** SUPPLIED DATA **
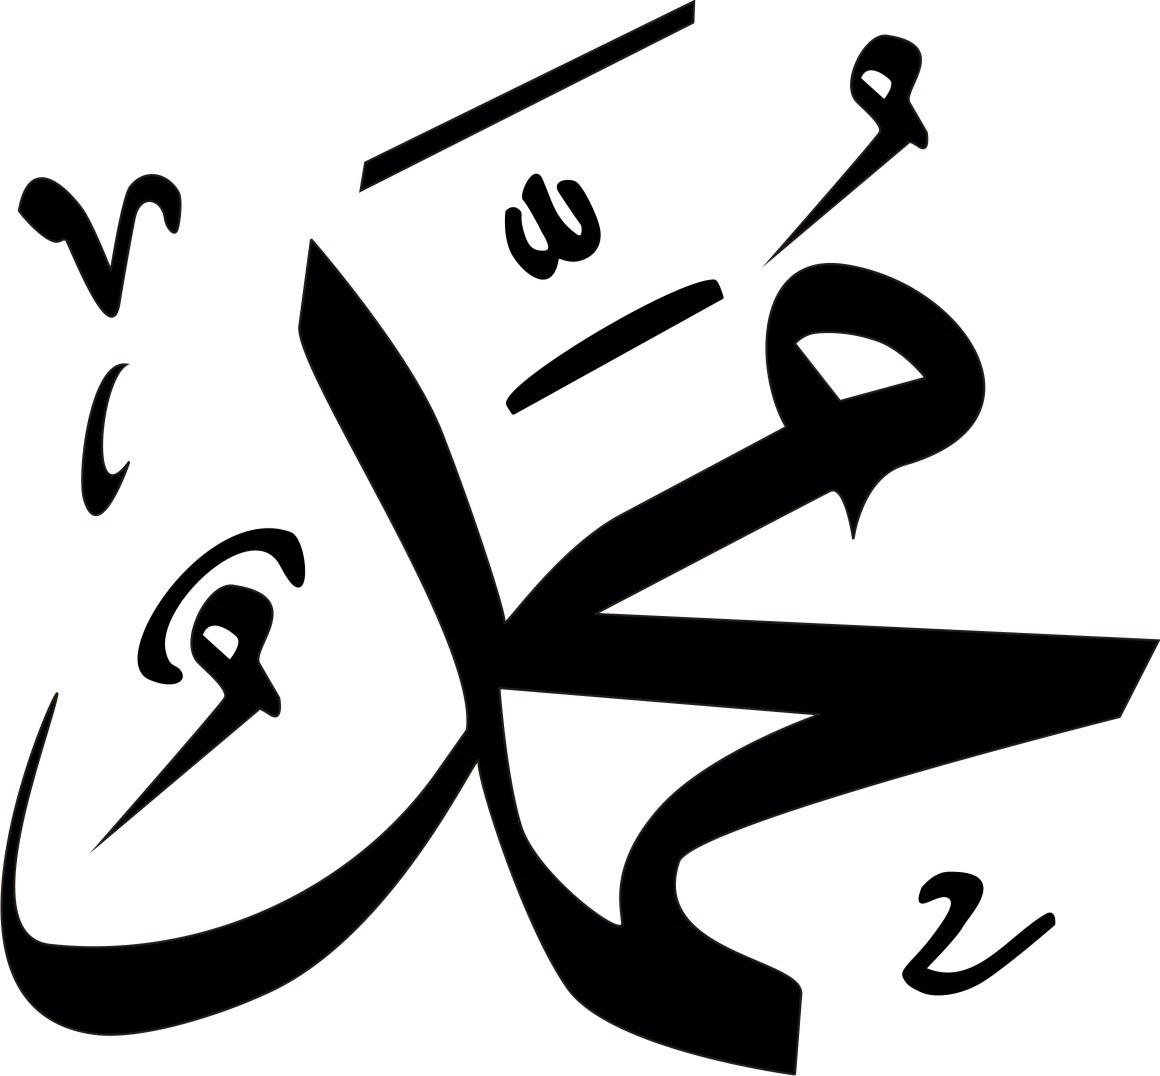 Download Video Cara Membuat Kaligrafi Dengan Coreldraw - how to make the calligraphy with CorelDraw 4
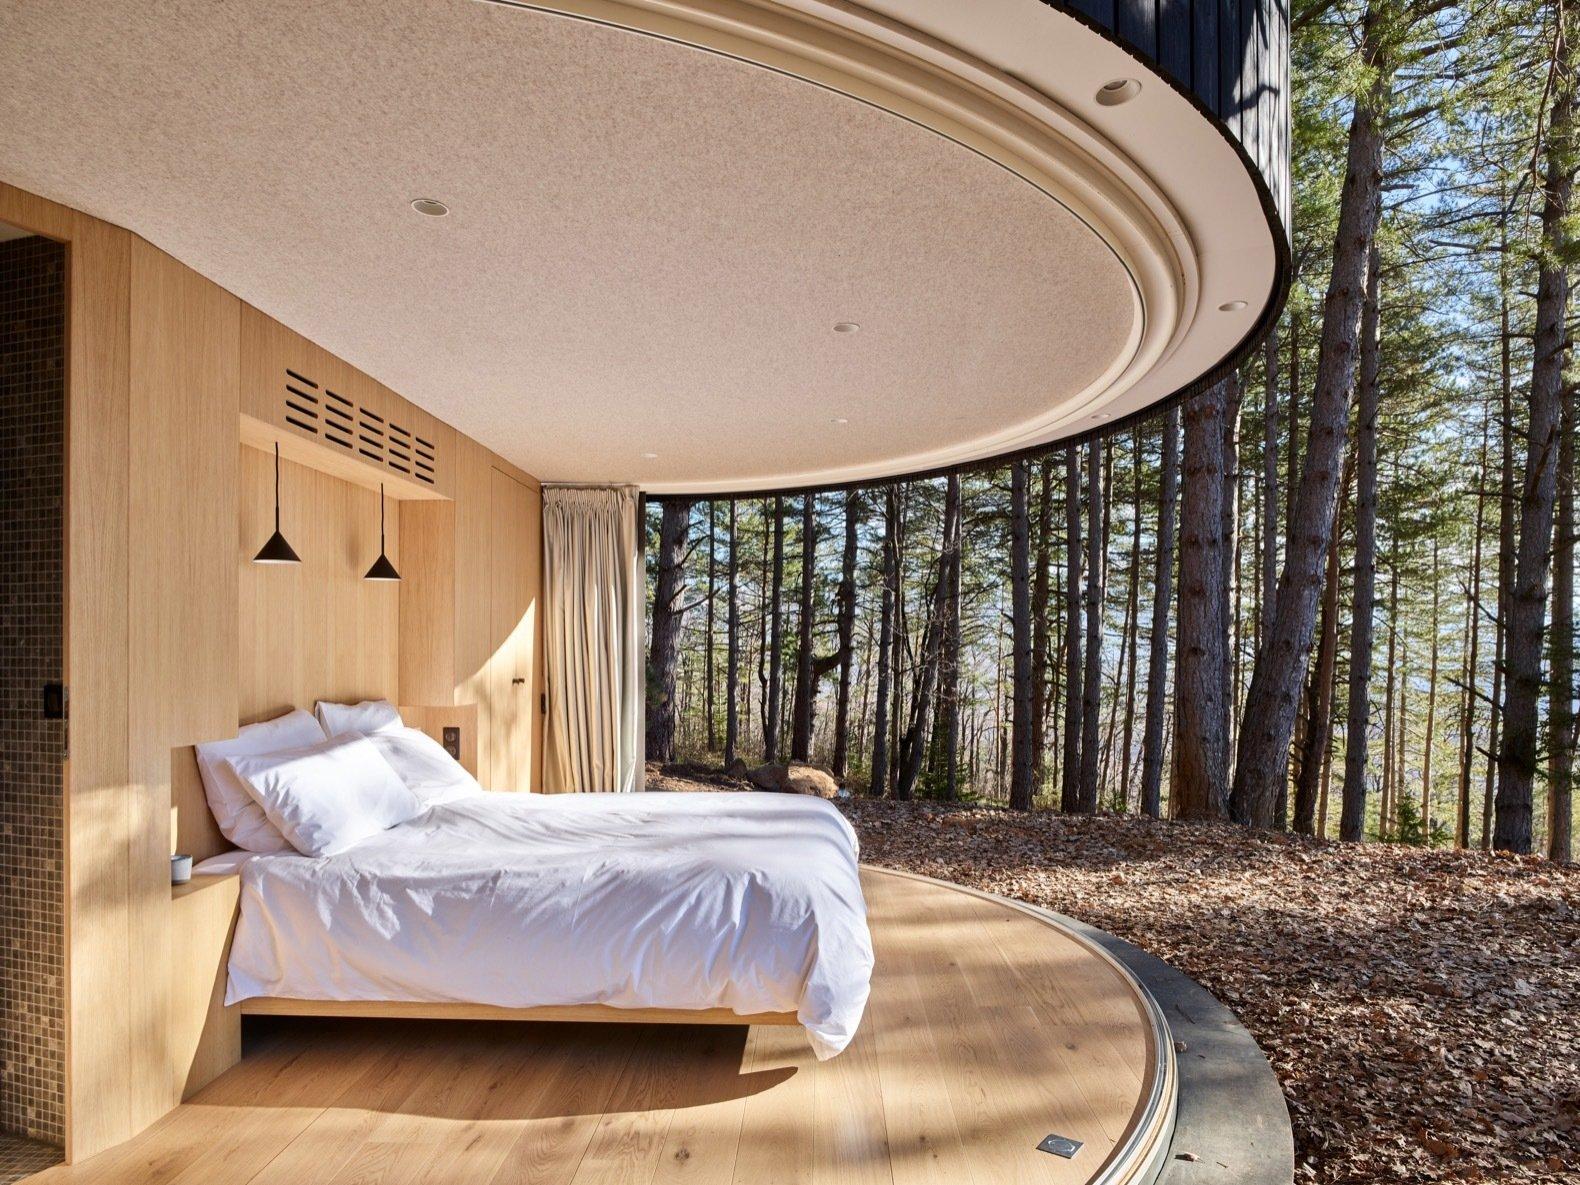 LumiPod bedroom
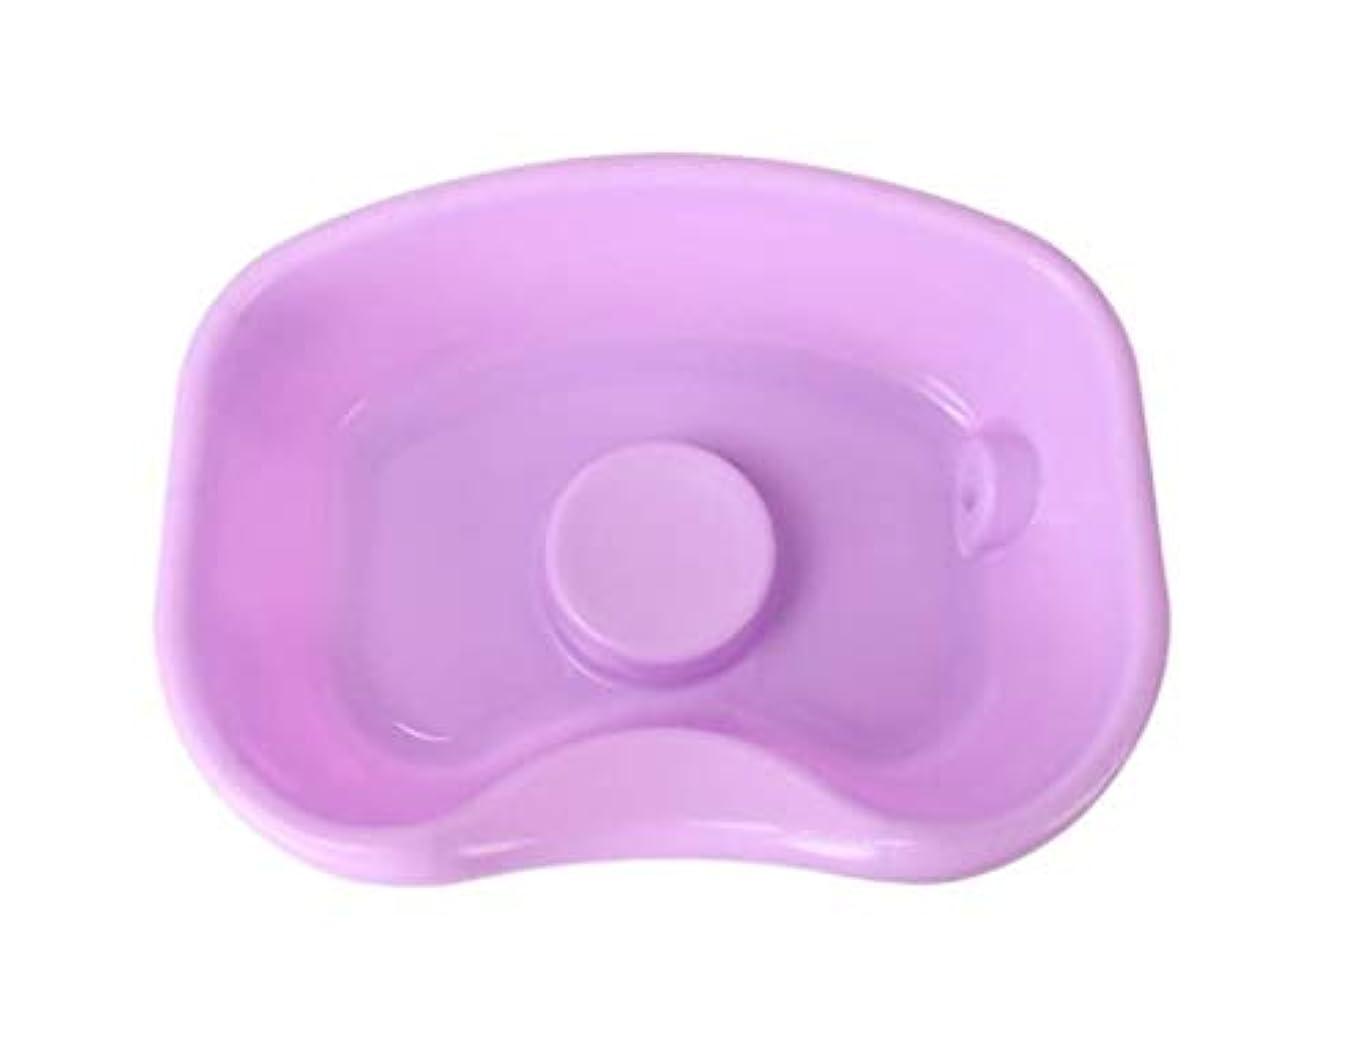 ドライブキャッチ期待ベッドシャンプー洗面器、清潔なヘアエイドベッドサイドシャワーシステム、高齢者、寝たきりの身障者用妊婦用洗髪皿 (Color : Light Purple)

** EXERCISE GOAL **
Without any pictures, please write out the lines from the one containing "LumiPod bedroom" through the final line of the data, exactly and inclusive of both ends.

** WORKED SOLUTION **
 LumiPod bedroom
 ドライブキャッチ期待ベッドシャンプー洗面器、清潔なヘアエイドベッドサイドシャワーシステム、高齢者、寝たきりの身障者用妊婦用洗髪皿 (Color : Light Purple)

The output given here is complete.